Аг-га-а, Василий Петрович! Попробуй переступи этот закон!
Василий был уведомлен об этом. Не Серафимой Григорьевной и, разумеется, не Ангелиной, а Ветошкнным.
Тогда Василий спросил жену:
– Ты, конечно, я думаю, не будешь противиться передаче дома завкому?
Ангелина ответила слезами. Далее спрашивать ее было не о чем. И Василий Петрович больше не заговаривал на эту тему. Он вообще почти не говорил дома за последние дни. С каждым часом ему становилось понятнее, что нужно делать и как нужно поступить.
С ним здесь было в разладе все, и только одноглазая собачонка Шутка соглашалась на все. Хоть в огонь, хоть в воду со своим таким большим, таким добрым другом! Шутка не знала, что это он сделал ее кривой. Но если б и знала, разве от нее можно было ожидать измены четырехлетней дружбе? Она же ровесница дома, она пришла сюда щенком.

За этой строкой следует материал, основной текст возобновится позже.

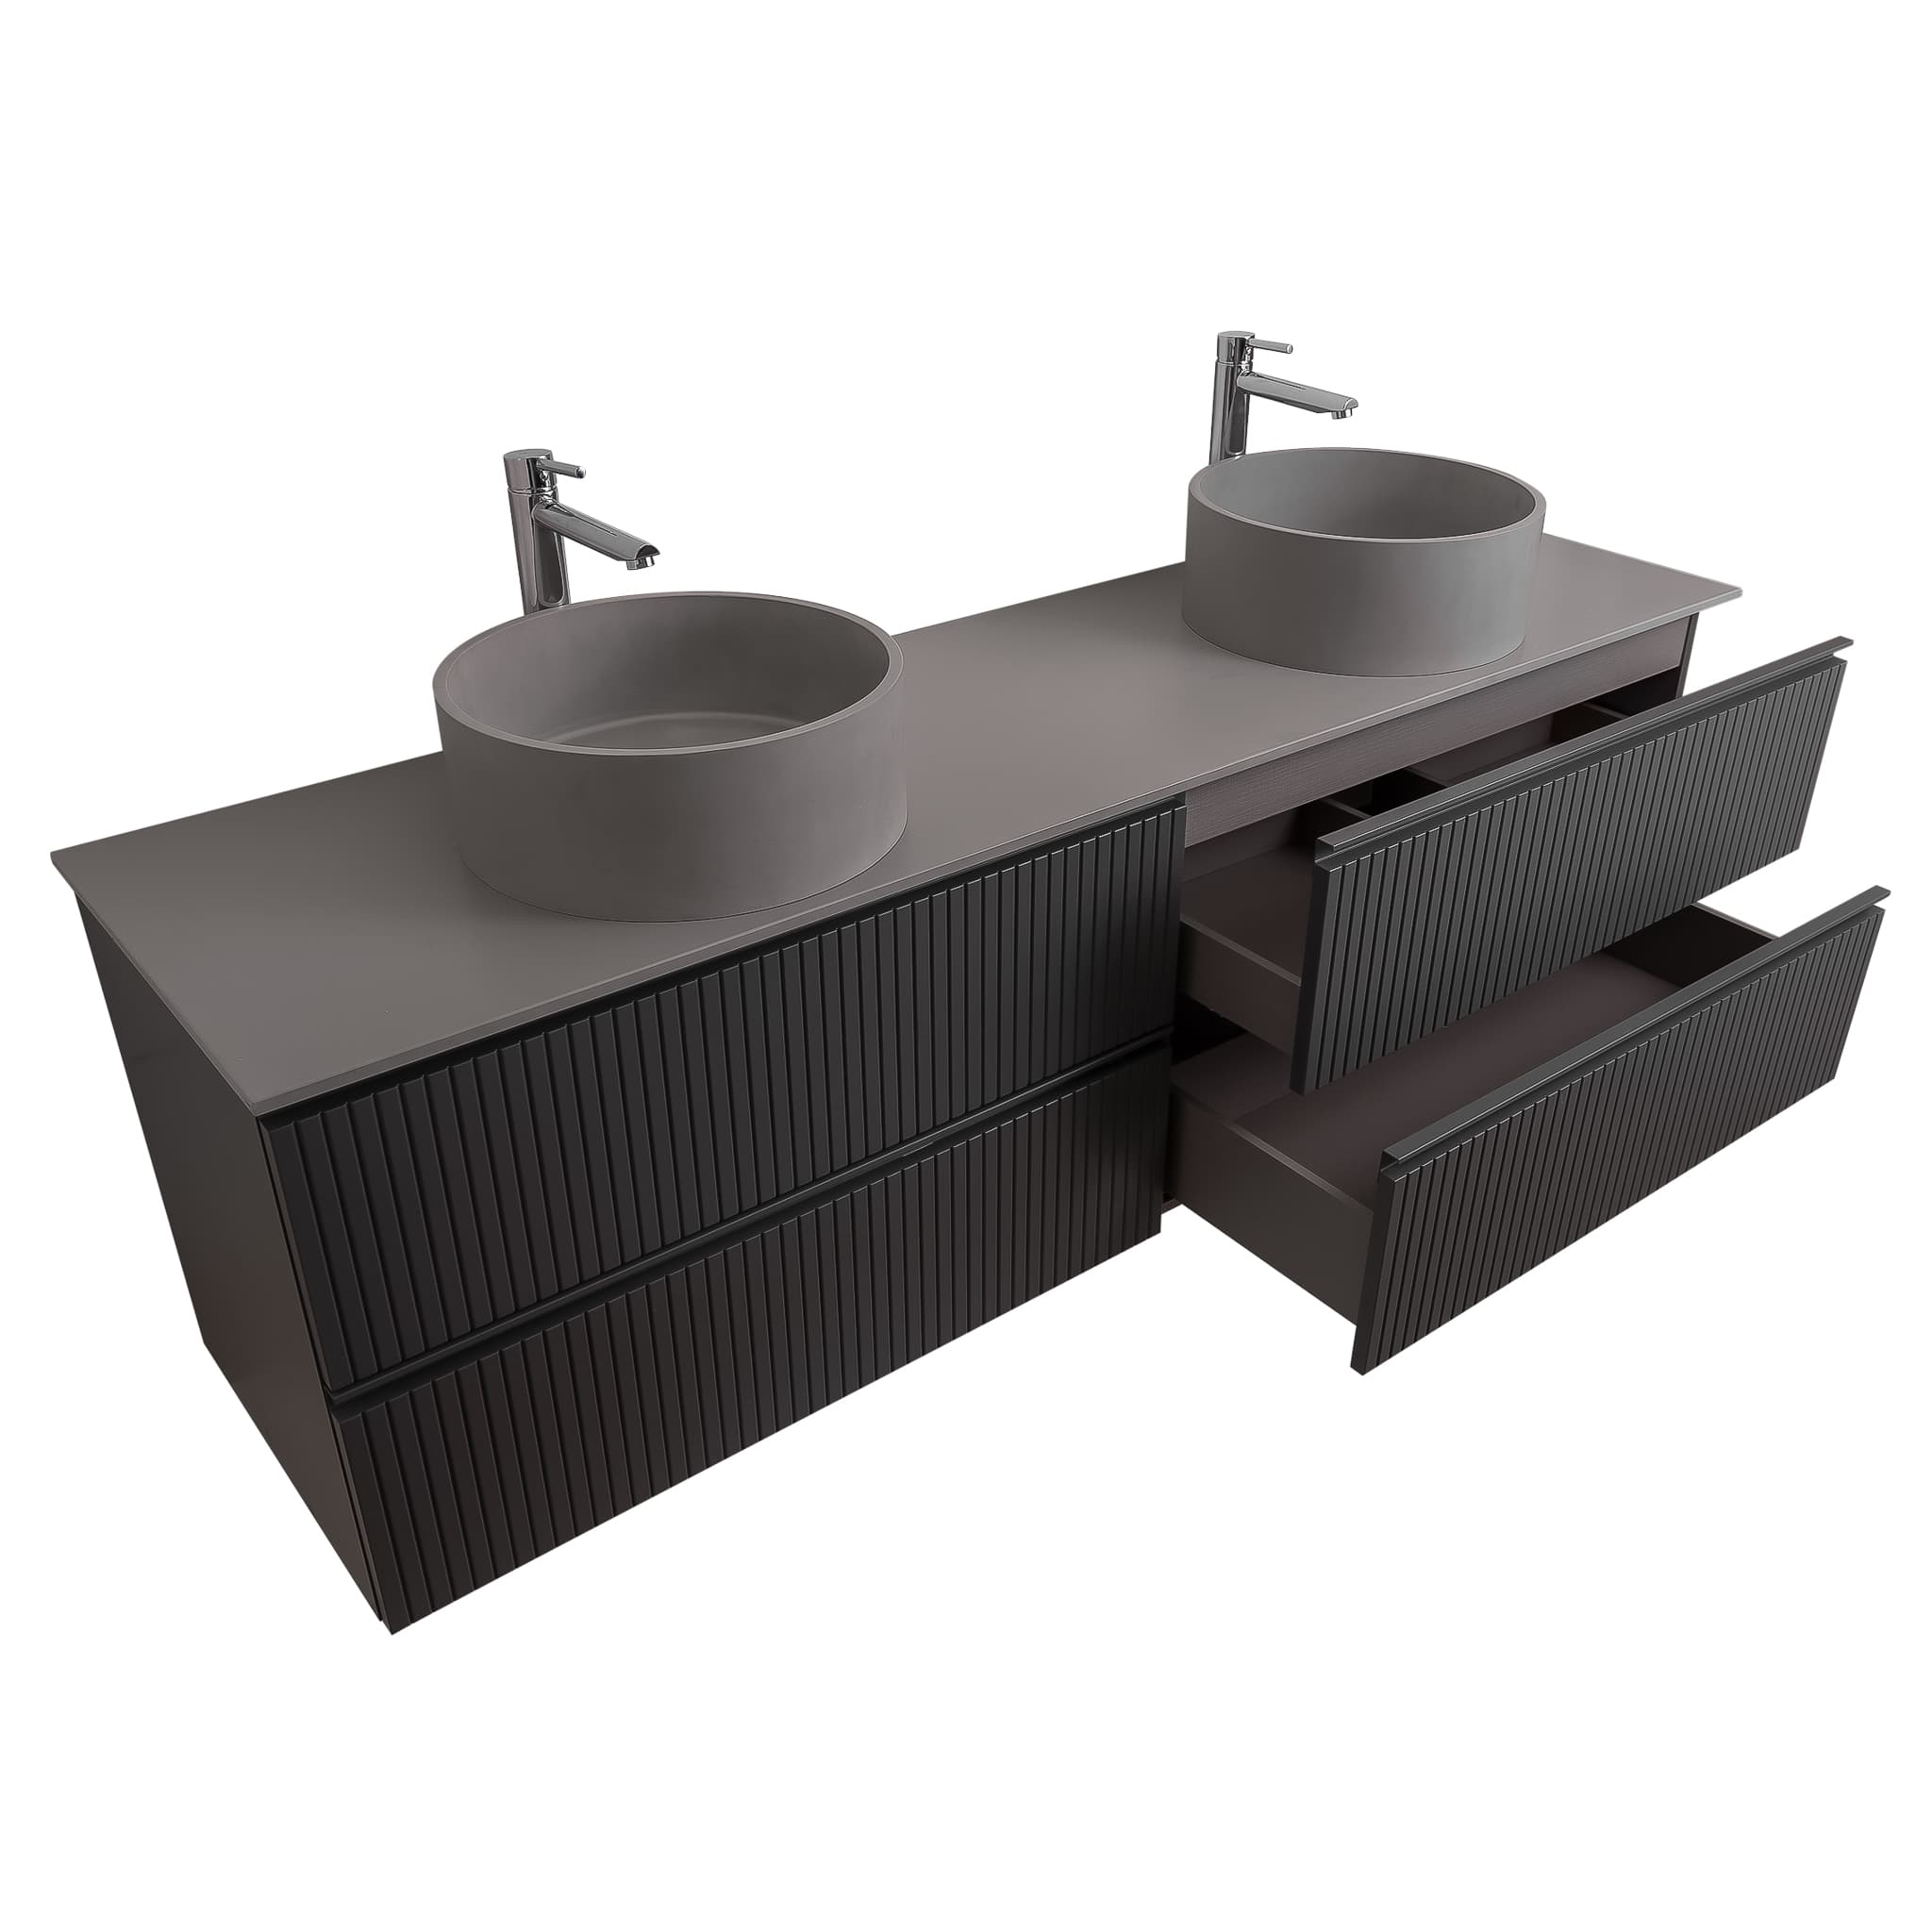 Ares 63 Matte Grey Cabinet, Solid Surface Flat Grey Counter And Two Round Solid Surface Grey Basin 1386, Wall Mounted Modern Vanity Set

Осуществлять намеченное Василий начал с пруда. Он велел приехать вечером сыну Ивану, затем пригласил соседского парня и, наконец, позвал Прохора Кузьмича. Когда они собрались у пруда, Василий сказал:
– Сейчас мы будем переносить изгородь на старое место. По эту сторону пруда, чтобы восстановить законные границы участка.
Никто не задал ни одного вопроса. Видимо, всем было понятно, что это означает.
Когда изгородь, расчлененная на звенья, была перенесена наполовину, из дома выбежала Серафима Григорьевна:
– Это что же такое, Василий Петрович?
– Это возвращение государству государственных владений, что, понимаете, может производиться без оформления у нотариуса и согласия супруги…
После того как пруд оказался за изгородью, Василий увидел в кустах знакомые горящие мальчишечьи глаза. Увидев их, он сказал:
– Подойдите ко мне… не бойтесь меня.
Он произнес эти слова до того задушевно, что подошли сразу три мальчика.
– Теперь можете ловить рыбу сколько вздумается. Но если вы умные и честные хозяева, снимайте с крючка молодых карпиков и пускайте обратно.
– Хорошо, – сказал один из мальчиков. Это был сын той самой Агафьи из прокатного цеха, о которой говорил Копейкин.
Но сказанного Василию показалось мало. Василий хотел и не находил слов, чтобы объяснить ребятам, почему он в то воскресное утро бросился на них. Пораздумав, он сказал:
– А тогда я был пьян, ребята. Сильно меня напоила одна старая ведьма страшным зельем. А теперь я пить бросил. Навсегда. Будем знакомы.
Василий каждому из мальчишек пожал руку. А старик Копейкин, прислонившись к сосне, смотрел и слушал, – как он мог делать другое, когда так хорошо отозвалась теперь его сказка! Выздоравливал его любимец, которого он считал за сына.
Многое не так просто на белом свете…
– Что же дальше ты будешь делать, хозяин? – спросила Василия Серафима. – Какой высший суд будешь вершить в своем владений?
Василий ответил на это без улыбки, но и без злобы:
– Сегодня вечером будет продолжаться распад колониальной системы. Африку отдам африканцам… Она принадлежала мне до супружеского союза с Ангелиной Николаевной. Не так ли?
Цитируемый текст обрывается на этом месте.